Long term there has to be a standardised and compulsory national pension scheme that spans all sectors. Why do we still need a state pension funded through NI if we still need to pay into public and private pensions too?
Member - 416 posts
@Mark
The 5 years early retirement is the gold plating, 5 years extra pension at whatever rate is not to be sniffed at.
Barry L
Member - 8 posts
I agree with you there David. We can't carry on along the same track. We've been haemorrhaging cash as a nation and of course it's true that finding efficiencies in the public-sector is a sensible place to start patching the wound.
It's just frustrating when people who work in private-sector organisations somehow imagine that there is a gravy-train happening for everyone on the public-sector payroll. It's just not the case.
The UK needs some serious external, impartial, management consultancy for all central and local government to find the real efficiencies.
It's unreasonable to change conditions (such as pension terms) and not expect a backlash. People have made lifelong compromises, looking forward to possibly the only real benefit of working in the public sector - a decent pension. It just seems ultimately dishonourable.
Member - 10 posts
Further again to Graham Hall
Graham, I obviously have not expressed myself very well. I do not consider my views utterly naive and insulting, only commonsense. I value public services and the value they bring to people’s lives and for what they bring to society. But just as an individual must balance their finances, so must a country. Since the last government maxed out the country’s credit card and employed an extra million public employees; borrowing the money to pay for them, as a country we cannot at the moment afford these levels of public service, however desirable it might be. In that sense, public services are a cost and need to be reduced to a level that the country can afford.

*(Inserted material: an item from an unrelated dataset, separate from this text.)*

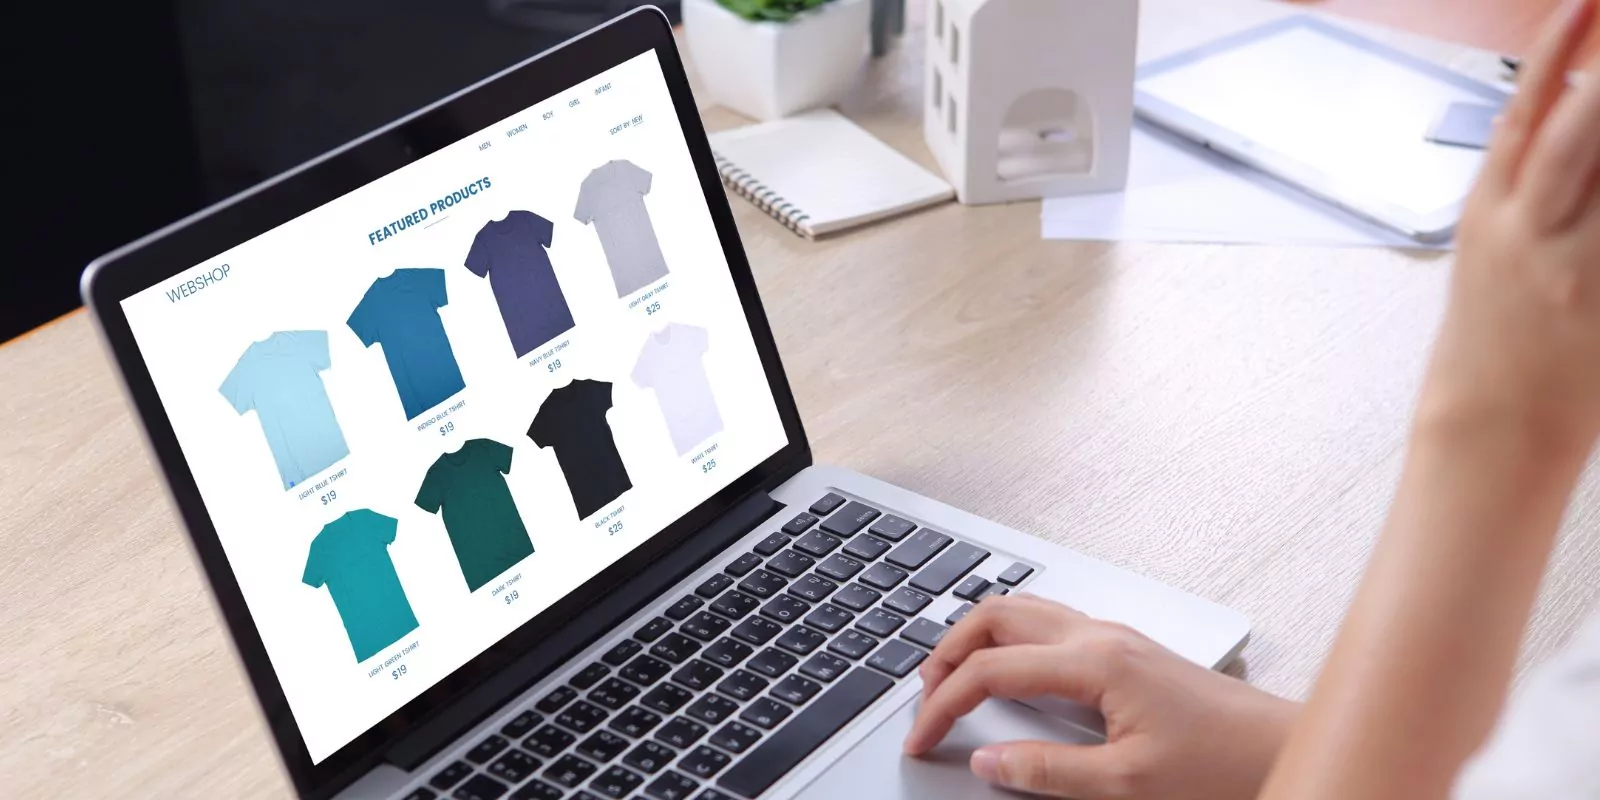 Web Design for E-commerce: 10 Designing Tips for a User-Friendly Online Shopping Experience

As to “You'll have to boost their pay or see the country grind to a halt. Simple.” Yes it really is simple. As simple as Public Sector costs have to be reduced in whatever way is necessary; reduce numbers employed, reduce employment costs (including pension costs), efficiency measures; so that the books are balanced for future generations. Surely you are not suggesting that our way of life must be protected at whatever cost and at the expense of our great grandchildren?
Member - 187 posts
I hear what you're saying Andy and its a shame that after 40 years of service you can't wait to get out.
But by the age of 59 most people will have put in 40+ years of work in whatever sector. As a public service employee do you think it fair that you get the chance to retire on a final salary pension at 59 when the retirement age for everyone else is 65?
Member - 4 posts
What an interesting thread and so full of misconceptions as ever in discussions on this subject, so ably responded to by Sheena.
Civil Service pay is 'reduced', abated if you like, by roughly 12% because that effectively pays for the pension . This has always been the case.
Pensions are effectively part of your contract and could be compared to an insurance policy. What would anyone think if you sign up to certain benefits, you put in 40 years service only to be told , oh hang on, we've changed our mind.?
I'm in a similar position to the person in Sheena's example. I have 40 years in this September when I'm 59. My reading of the proposals is that I will have that preserved, but from April I will have to start making actual payments for future pension entitlement - only till September, because there's no way I'm staying longer than I have to.
My understanding is that the Pension Scheme retirement age will increase to 66 by the time everyone's State Pension age will be 66 in 2020 and that it won't be a sudden increase as Sheena says.
Member - 187 posts
I don't know how they can afford to pay 11%, the gentleman in question time looked far too young to be seriously contributing such a large percentage of his salary anyway.
I can't believe many private sector workers can afford to pay anything like 11% into a private pension scheme, most probably pay in half.
I'm not bashing the fire service for a minute but maybe someone can confirm if this is service wide or just the individual paying AVC's?
Member - 176 posts
Oh I forgot to say the average civil service pension not including the mandarins is £4200 per year and many receive less than £2000 per year.
Just watched Question Time and again I learnt something new the firebrigade staff pay 11% into their scheme how many of the private sector schemes expect an 11% contribution.
Member - 176 posts
Hello Sally
I beg to differ in the civil service we do not have a choice it is mandatory to be in the scheme and we cannot add to it either.
As stated earlier in my post when my ex had to pay across a large sum to me because my pension compared to his private sector pension is so bad for same years of service I could not pay this into my civil service pension it is not allowed and I had to find a suitable private pension to invest in.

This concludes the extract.